No pictures in the copy. Write out the listing below exactly.

Raw data -
= = = = = = =

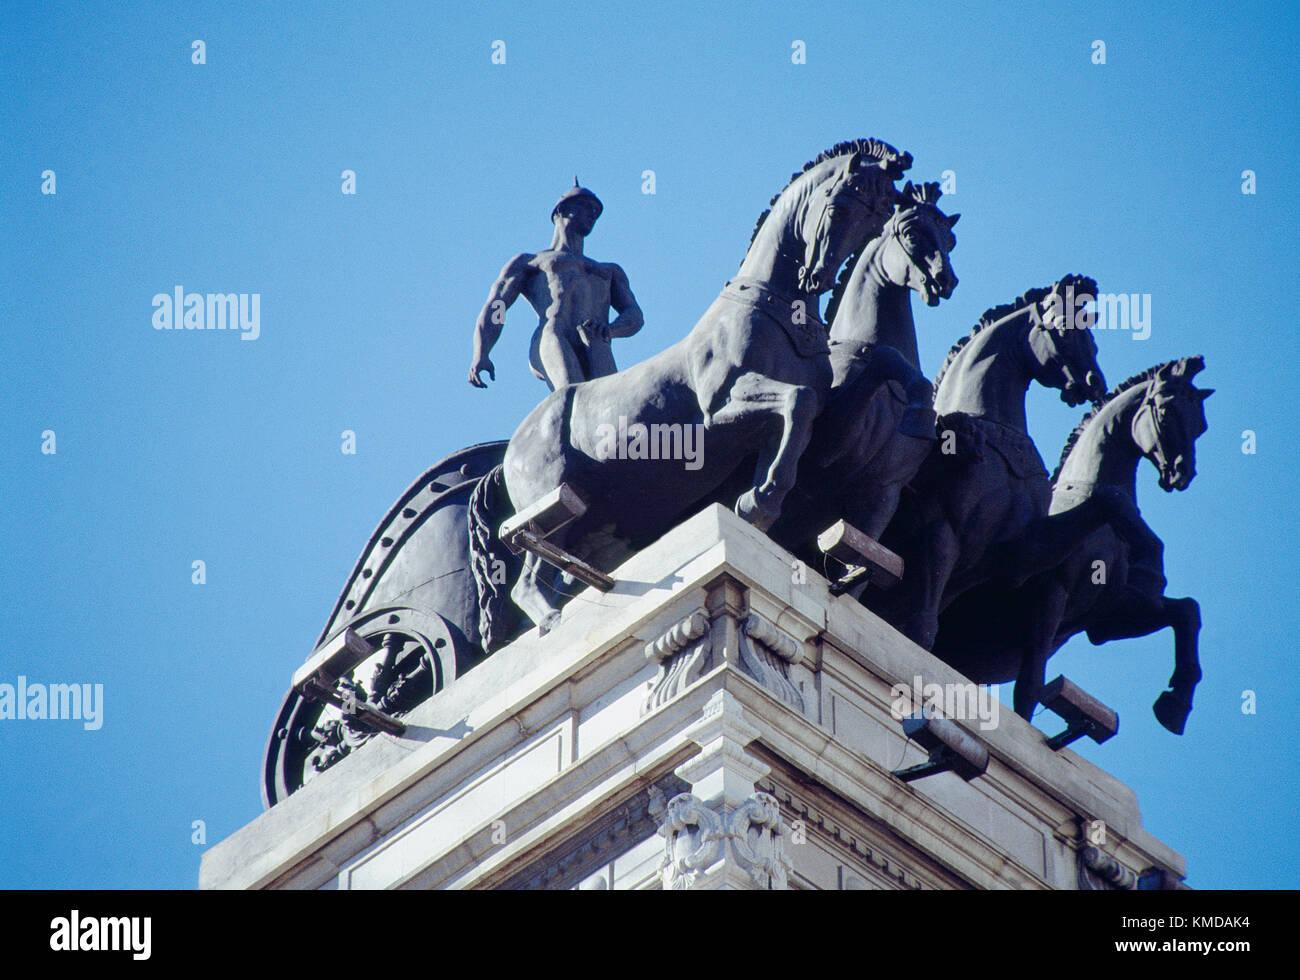 Cuatro En Mano Escultura En La Terraza Del Edificio Madrid
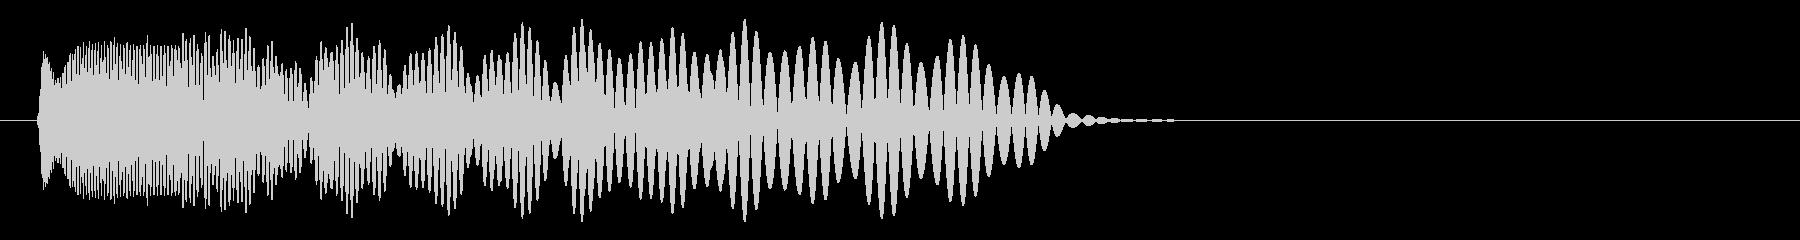 爆発・衝撃波・ソニックブーム14の未再生の波形
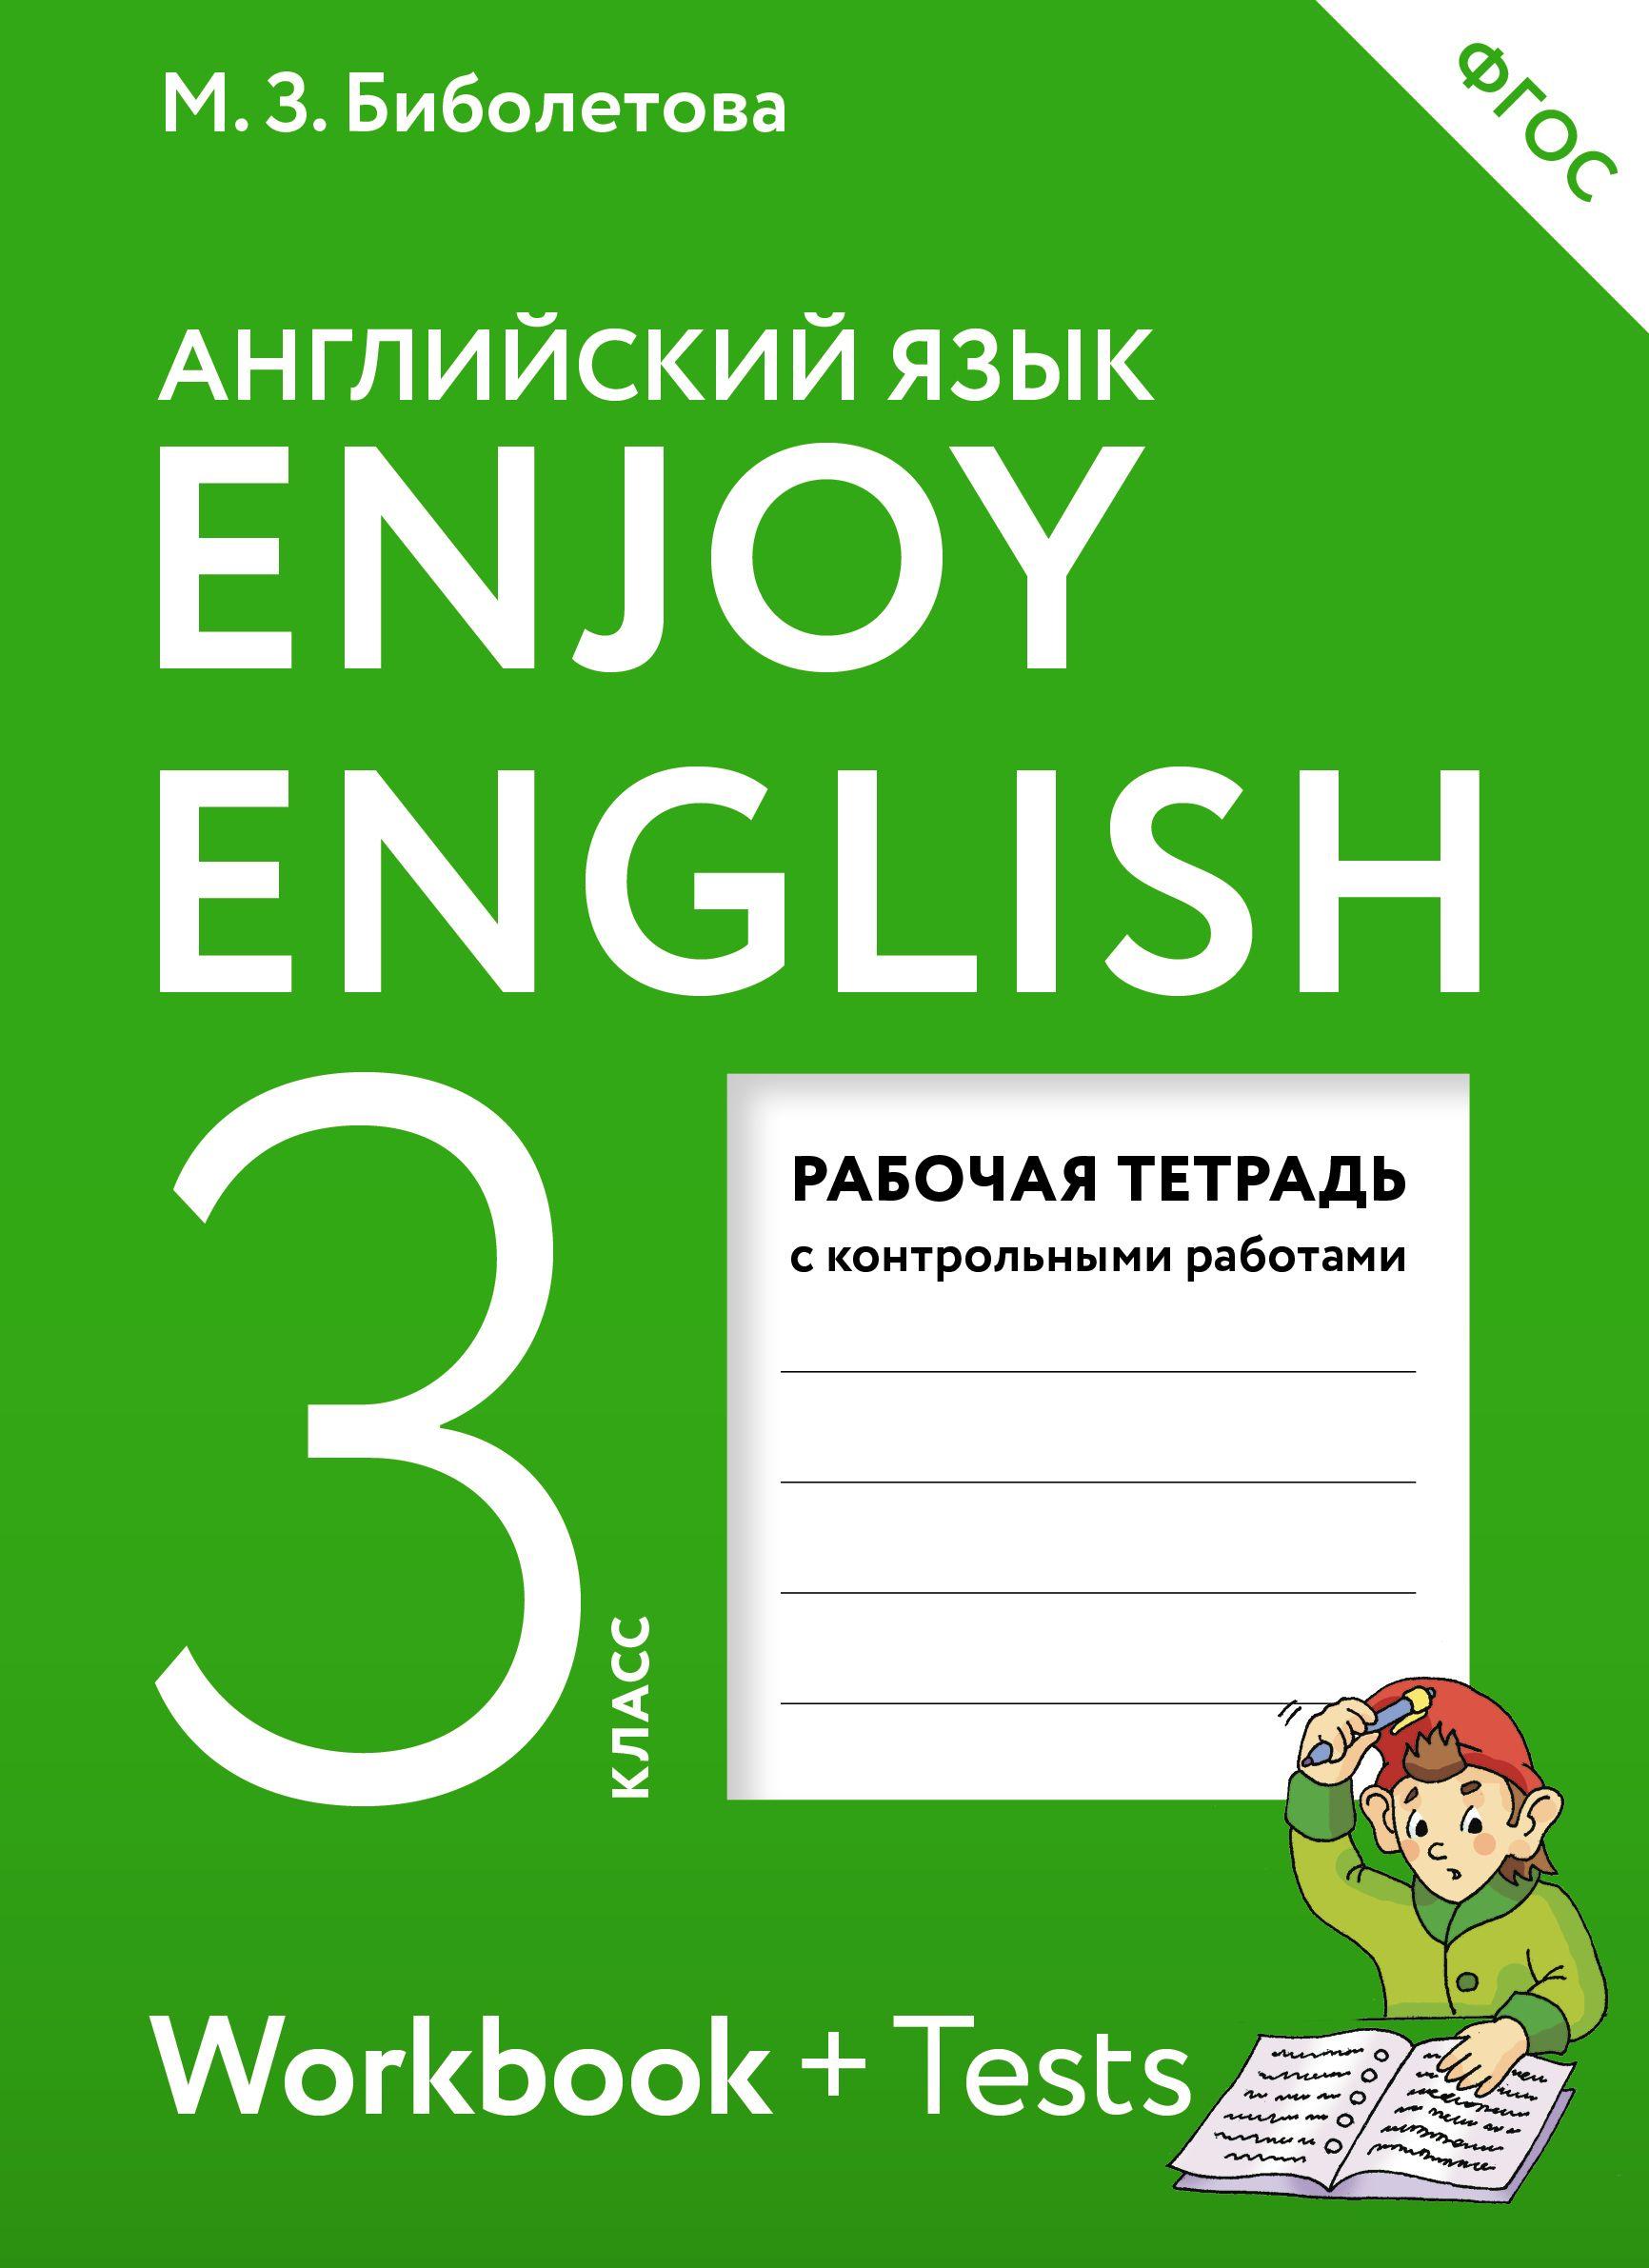 Списывай ру английский 3 класс рабочая тетрадь

= = = = = = =

Response to the exercise -
 Cuatro En Mano Escultura En La Terraza Del Edificio Madrid
 爆発・衝撃波・ソニックブーム14の未再生の波形
 Списывай ру английский 3 класс рабочая тетрадь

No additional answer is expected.